Poetry in Translation Issue
Volume 16:3, Summer 2015
Rolls
tomorrow
I’ll arise and go
go to the corner store
to get some rolls
or maybe not
maybe I won’t rise
which means I won’t go there
or anywhere
in which case, Oh God
don’t summon me
to Heaven
for rolls—
here’s my beloved
corner shop
where I want to stay
with the articles of my unbelief
for just a little longer
but if I don’t get summoned
I will go to get some rolls
in the morning at the corner store
where the sales clerk
is also worth consuming
she has such a serious way about her
just like my first girlfriend
she can hardly keep from laughing
at the stupid expression on my face
I wonder if she’d feel anything
while I take off some of her clothes
while asking her for four rolls for breakfast
I can hear her thoughts:
just an old man
and what’s more he looks old
yet she doesn’t know
inside I have new teeth
from the Internet
and I’ve downloaded the program
to retrieve my young days
from ancient photos and films
believe it—years don’t matter
I’ve got the teeth
I can bite
but I don’t fancy what my wife
my timeless lover for so many years
would say to that
the plain life
discovers such pearls
on Terre des hommes
amongst the trash
Bułki
jutro
wstanę i pójdę
do pobliskiego sklepu
po bułki
lecz może nie wstanę
i wtedy nie pójdę
tam ani nigdzie
bo może – boże
nie powołuj
do nieba
po bułki
tutaj jest mój sklep
ulubiony
chcę tutaj
z artykułami niewiary
jeszcze trochę
pozostać
więc jeśli się uda
pójdę po bułki rano
ekspedientka w sklepie
też warta jest konsumpcji
ma taki poważny sposób bycia
jak moja pierwsza dziewczyna
ale pewnie i tak
śmieszą ją moje głupie miny
ciekawe czy coś czuje
kiedy wzrokiem ściągam z niej to i owo
prosząc o cztery bułki na śniadanie
słyszę jej myśli :
stary w dodatku staro wygląda
a nie wie że
w środku mam nowe zęby
pobrałem program z Internetu
do odzyskiwania młodości
ze starych zdjęć i filmów
naprawdę
lata nic nie znaczą
zęby mam
potrafię gryźć
ale nie chcę
bo co by powiedziała żona
co mi kochanką jest
przez tyle lat
rano po bułki
oczywiście jeśli
proste życie
odnajduje takie perły
na Terre des hommes
wśród dziadostwa
Translator’s Note: Although Polish is my first language and the only one I spoke for my first five years, translating from Polish into English is not easy for me. I’m 67 now, and I haven’t spoken Polish since my father died twenty years ago. The spoken Polish I have left is “kitchen Polish.” I can tell you it’s cold outside, but I can’t tell you about the brilliance of Milosz or the beauty of Warsaw. So how can I translate Polish poems into English? I’ve been blessed to know Polish writers who have the gift of poetry and patience: Feliks Netz, Janusz Zalewski, and most recently Henryk Cierniak.

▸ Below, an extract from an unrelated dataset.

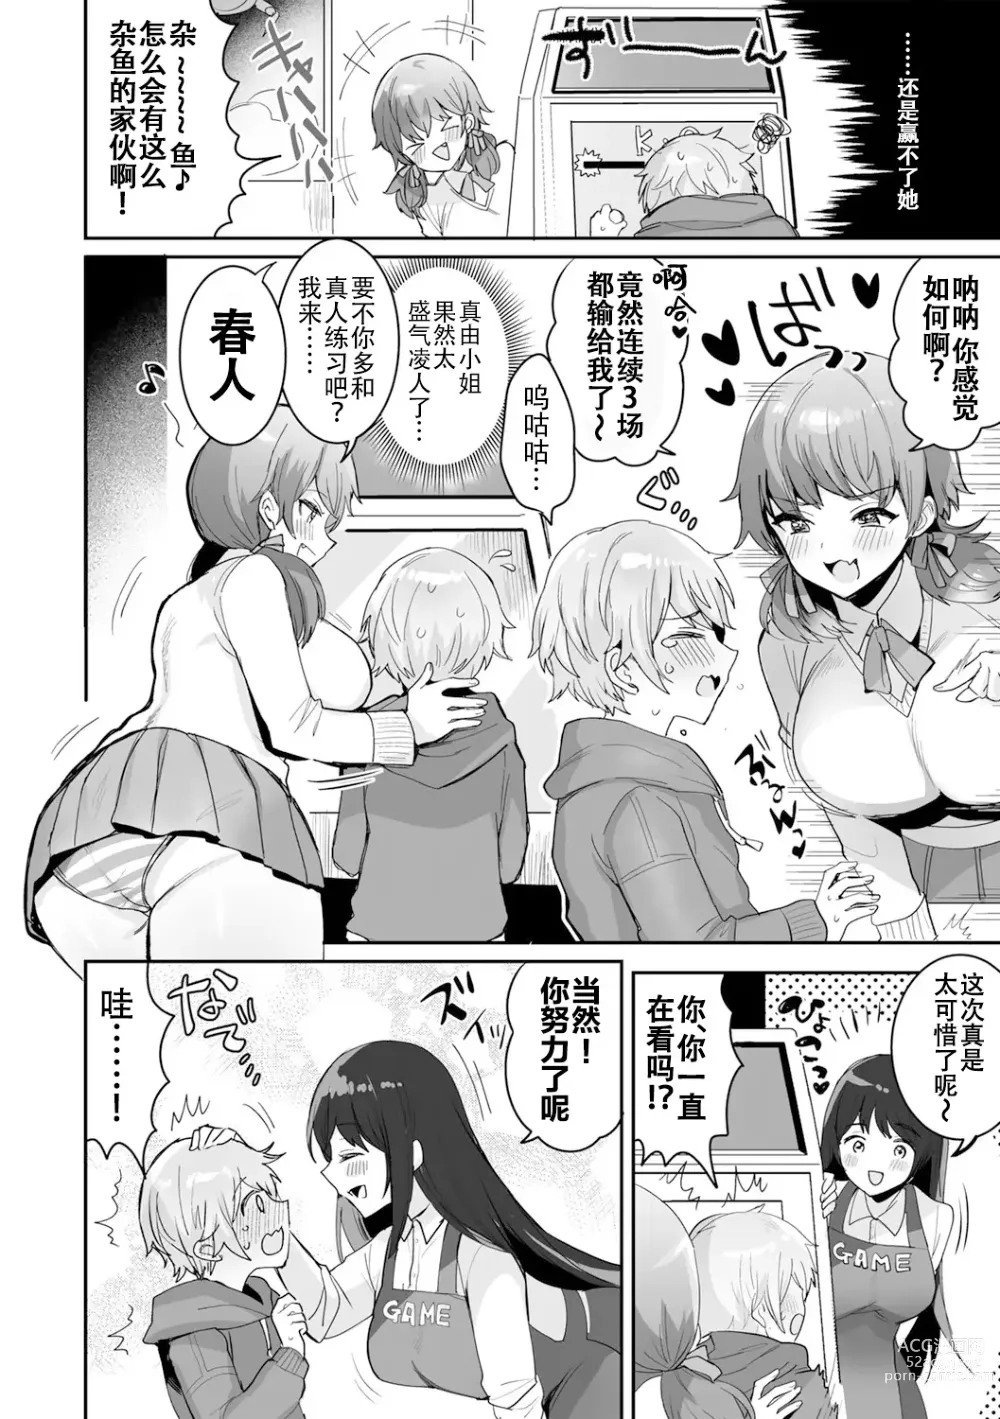 Page 4 of manga 游戏结束！~杂鱼正太君与雌小鬼小姐~

Henryk Cierniak was born in 1956 in Bielsko-Biala, Silesia, Poland. He is the author of a book of poems entitled The Believer of Skin (2011). He is also the poetry editor for the popular socio-cultural monthly Śląsk and appears frequently on Polish Radio Katowice.
John Guzlowski's writing appears in Garrison Keillor's Writer's Almanac, The North American Review, The Ontario Review, Salon.com, Rattle, and Crab Orchard Review. His poems and personal essays about his parents' experiences as slave laborers in Nazi Germany and refugees making a life for themselves in Chicago appear in his book Echoes of Tattered Tongues (Aquila Polonica Press, 2016). His novel Road of Bones (Cervena Barva Press, 2015), is about two German lovers separated by WWII.